Simple kernel not working

Ferran_Mazzanti · July 10, 2020, 8:43am

Hi again guys

this time I’m facing one problem that makes me think that I’m missing something very important in CUDA programming, so maybe somebody can help me out to understand what goes on. Consider this

m     = CuArrays.zeros(2);
cic   = CuArray(CartesianIndices(rand(3,4)));
res   = CuArrays.zeros(length(cic));
Ncuts = 2

function test2_CUDA(res,CI,m,Ncuts)  
    index    = (blockIdx().x - 1) * blockDim().x + threadIdx().x
    stride   = blockDim().x * gridDim().x
    for i    = index:stride:length(CI)
        for k in 1:Ncuts
            m[k]  = CI[i][k]-1
        end;    
        for k in 1:Ncuts
            res[i] += m[k]
        end
    end
end;

numblocks      = 256
@cuda threads  = 256 blocks = numblocks test2_CUDA(res,cic,m,Ncuts)
res

12-element CuArray{Float32,1,Nothing}:
 3.0
 3.0
 3.0
 3.0
 3.0
 3.0
 3.0
 3.0
 3.0
 3.0
 3.0
 3.0

now the question is: how can it be all the elements in the array res give the same value? This is supposed to give the sum of the CartesianIndexes (minus 1 in each element), so definitely not a constant…

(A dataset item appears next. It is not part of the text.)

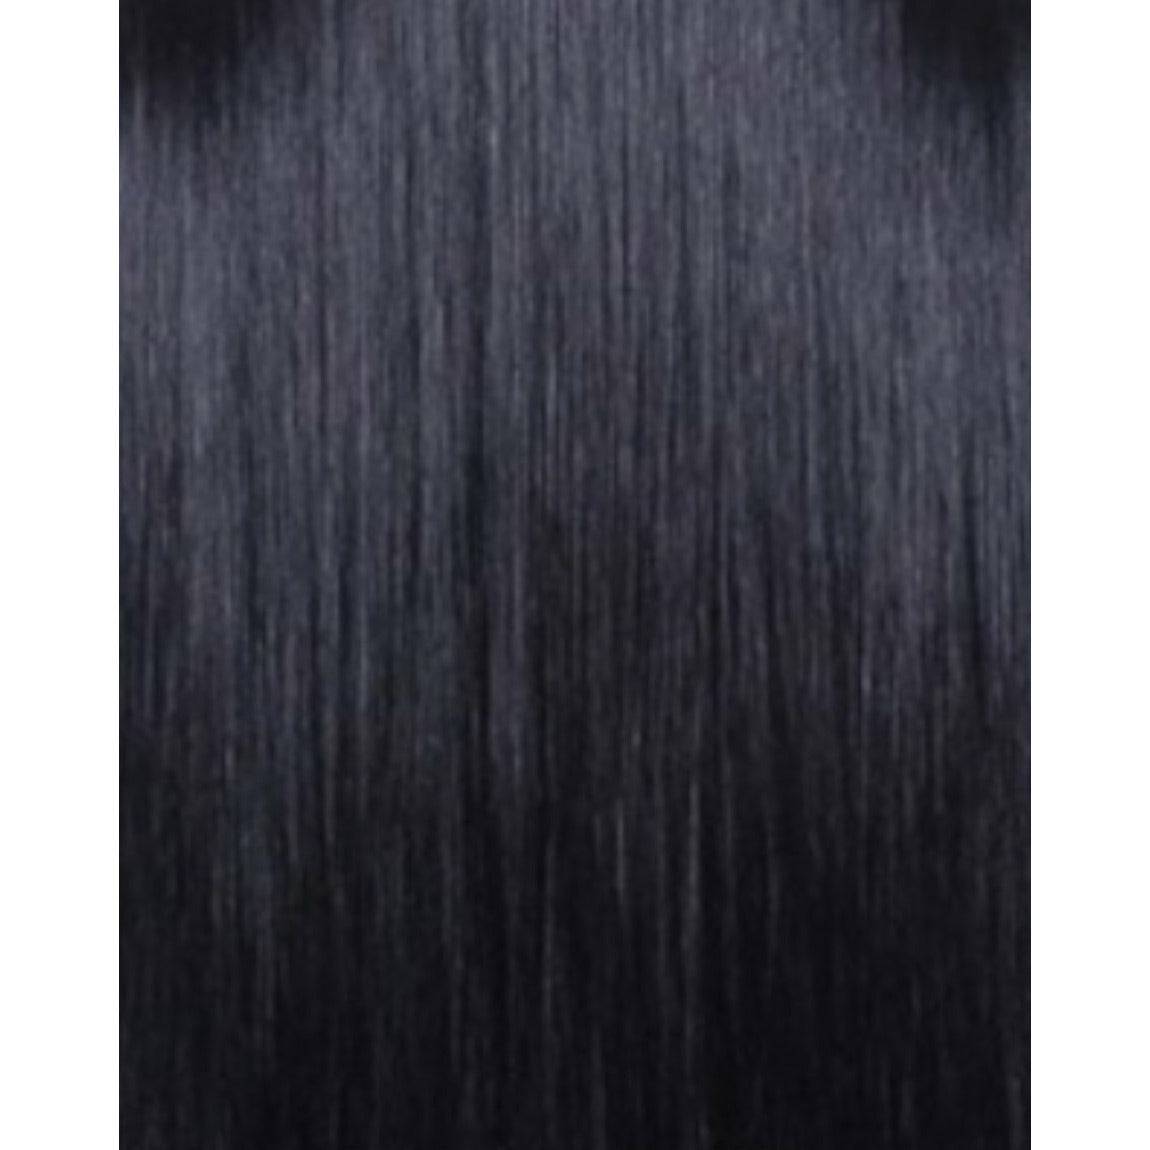 Unique's Human Hair Perm Straight 14 Inch - VIP Extensions

For the sake of comparison, the same calculation non-CUDA

# Test functions
# 
function test2(res,CI,m,Ncuts)
    for i in 1:length(CI)
        for k in 1:Ncuts
            m[k]  = CI[i][k]-1
        end;    
        for k in 1:Ncuts
            res[i] += m[k]
        end
    end
end;

m     = zeros(2);
cic   = CartesianIndices(rand(3,4));
res   = zeros(length(cic));
Ncuts = 2

test2(res,cic,m,Ncuts)
res
12-element Array{Float64,1}:
 0.0
 1.0
 2.0
 1.0
 2.0
 3.0
 2.0
 3.0
 4.0
 3.0
 4.0
 5.0

Can somebody help me understand this?

Thanks a lot,

Ferran.

maleadt · July 10, 2020, 12:52pm

You are launching 256*256 threads*blocks, so index goes from 1 to 65536. Block and grid dimensions are both 256, so stride = blockDim().x * gridDim().x = 65536 too, so your loop only performs a single iteration.

You can use @cushow (e.g. @cushow index) or @cuprintln (e.g. @cuprintln "thread $index: stride=$stride") to debug your implementation.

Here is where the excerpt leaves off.